Search alerts are disabled if the underlying web application for a site is configured to use claims authentication. If this is the case, alerts will not be triggered.

SharePoint Alert Notification Handler Interface

The alert framework includes the default class implementation of the IAlertHandlerNotify interface with the mandatory OnNotification(SPAlertHandlerParams) method. The SharePoint Foundation alert handler implements a default version of this interface. It specifically implements the OnNotification method called by the SharePoint Foundation Timer service.

Loading AlertTemplate.xml Using the SharePoint Foundation Timer Service

The Timer service loads the search AlertTemplate.xml file. The Timer service performs a look operation to find the correct .NET assembly to call with the NotificationHandler element within the definition of each specific search alert type. The Timer service leverages a set of internal runtime class object methods to load the correct assembly.

Once the assembly has been loaded, the runtime objects call the alert handler with an object named SPAlertHandlerParams. The SPAlertHandlerParams object contains the individual alert information retrieved from the SchedSubscriptions table in the content database.

Synchronous Pre-Alert Processing and Asynchronous Post-Alert Processing

The alert handler sometimes implements the PreUpdate(SPAlert, SPWeb, Boolean, String) and PostUpdate(SPAlert, SPWeb, Boolean, String) methods. As the names indicate, the methods provide a synchronous access to alert Before event that occurs when the alert is created and an asynchronous opportunity to manipulate alert processing in the After event that occurs after and alert has been modified in the user interface. The PostUpdate method is called each time an alert is updated from the user interface within the Update() method implementation. This method updates the SchedSubscriptions table with changes made to the alert. The method has two overloads. The first overload, Update() provides the default update behavior and the second overload, Update(Boolean) optionally sends a confirmation email message. The method is also called after the Timer service triggers an alert, which can be used to modify the structure of the alert confirmation email message.

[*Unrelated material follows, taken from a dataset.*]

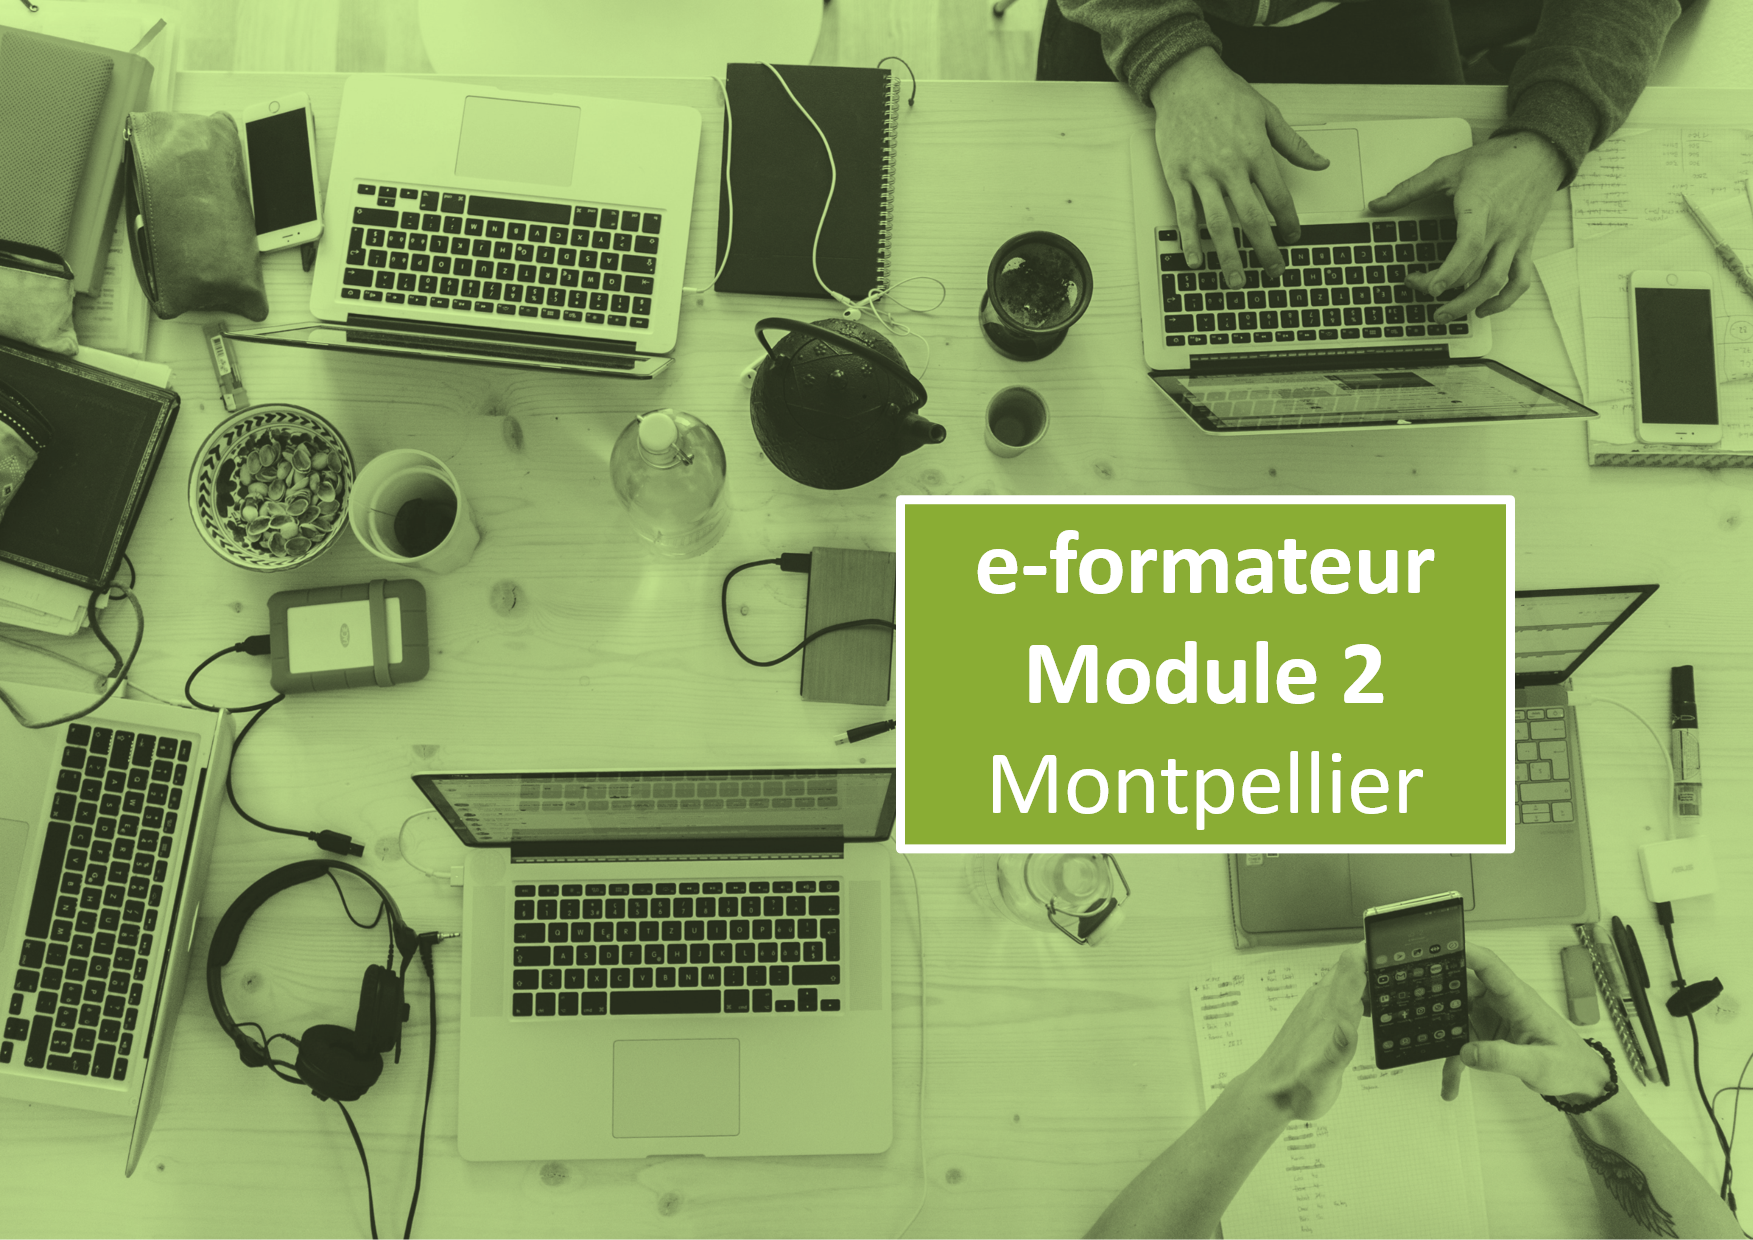 e-formateur Module 2 Montpellier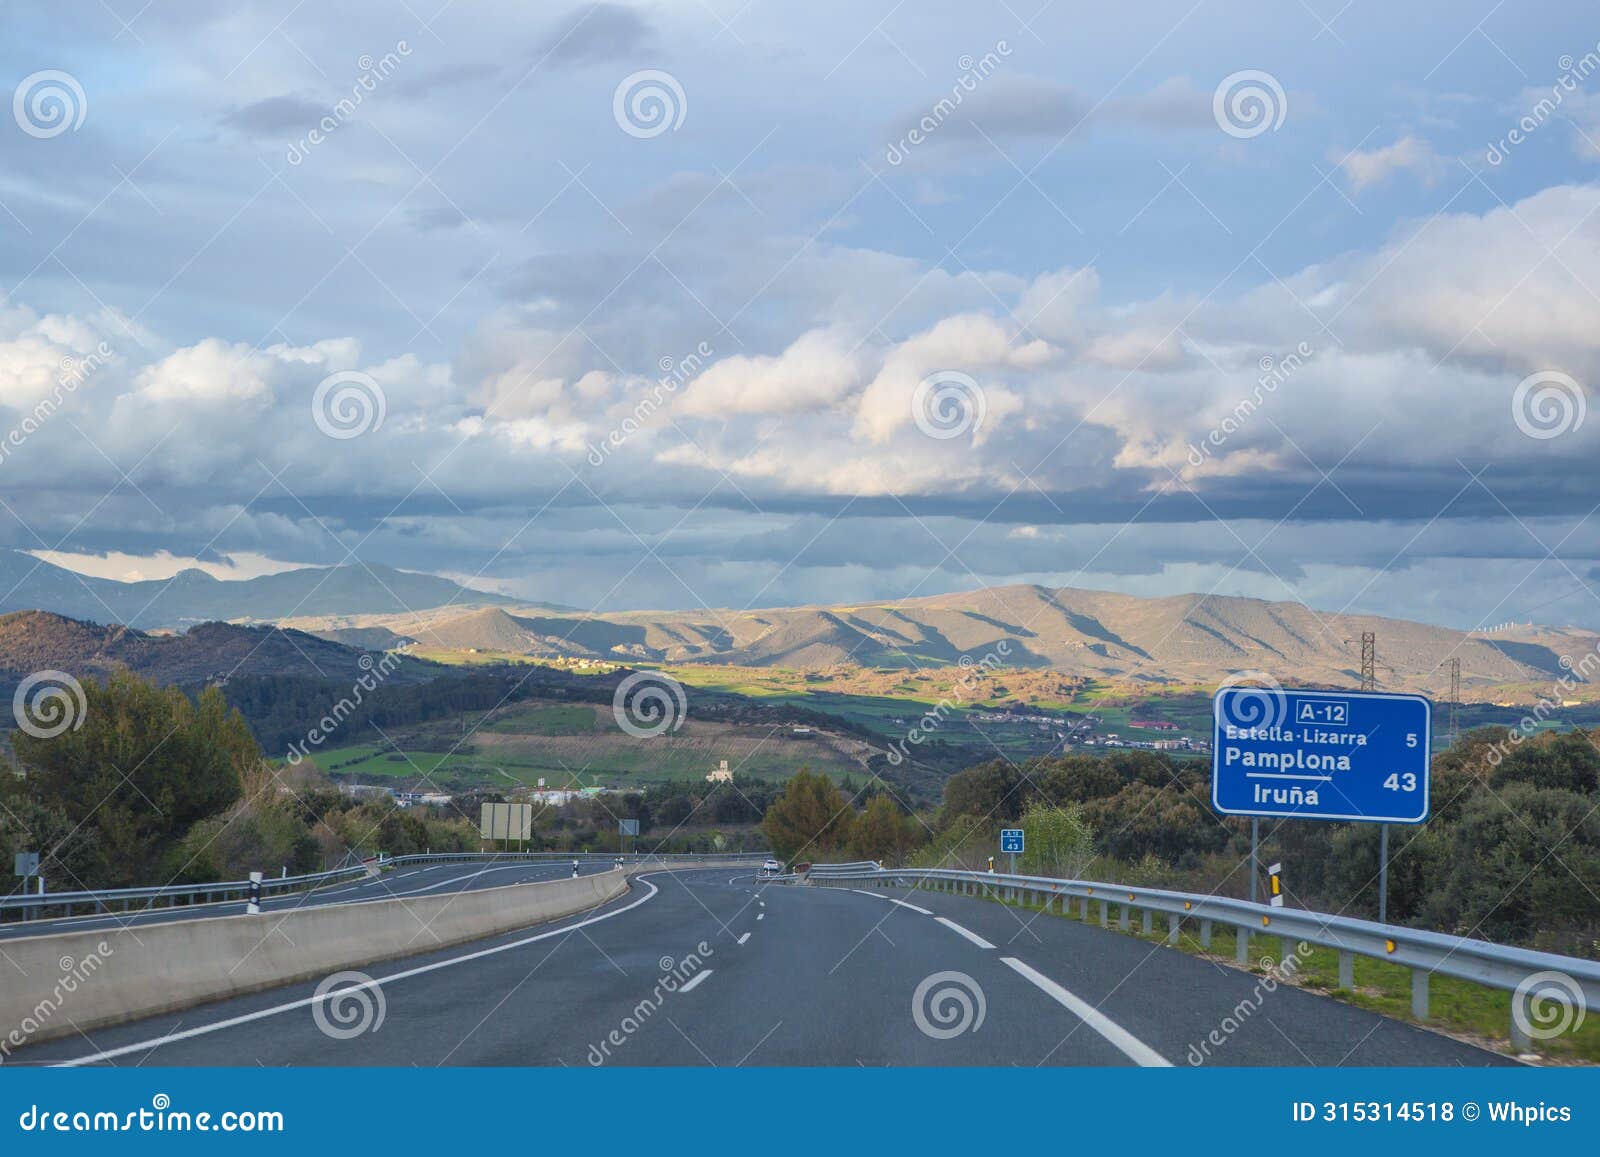 driving along a-12 highway. also known as autovia del camino de santiago

In cases where the default confirmation message format isn't appropriate, the Update method can be called with a false parameter, which updates the database but does not send the default confirmation. A developer can provide a custom implementation of the PostUpdate method to modify the HTML confirmation email message format and send your custom subscription confirmation email message.

This allows you to intercept the outgoing alert emails and modify the format. We can access the properties for the alert and with some XML parsing and code, we can extract all the information that we need to build up the email. Use this information to construct the HTML to display the email based on your requirements and send the email out by using the SendEmail() method.

Conclusion

The SharePoint Foundation and SharePoint Server search alerts user experience provides basic alert services and a corresponding user experience. When you have requirements that require an enriched alert user experiences, the three distinct options are as follows:

  • Use the default user experience with minimal modification, combined with the existing alerts infrastructure.

  • Edit the default user experience by modifying existing default pages or replacing the default pages with custom ASPX pages.

  • Design, build, and deliver a completely custom search alert user experience to replace the existing experience while using the existing SharePoint Foundation alert infrastructure.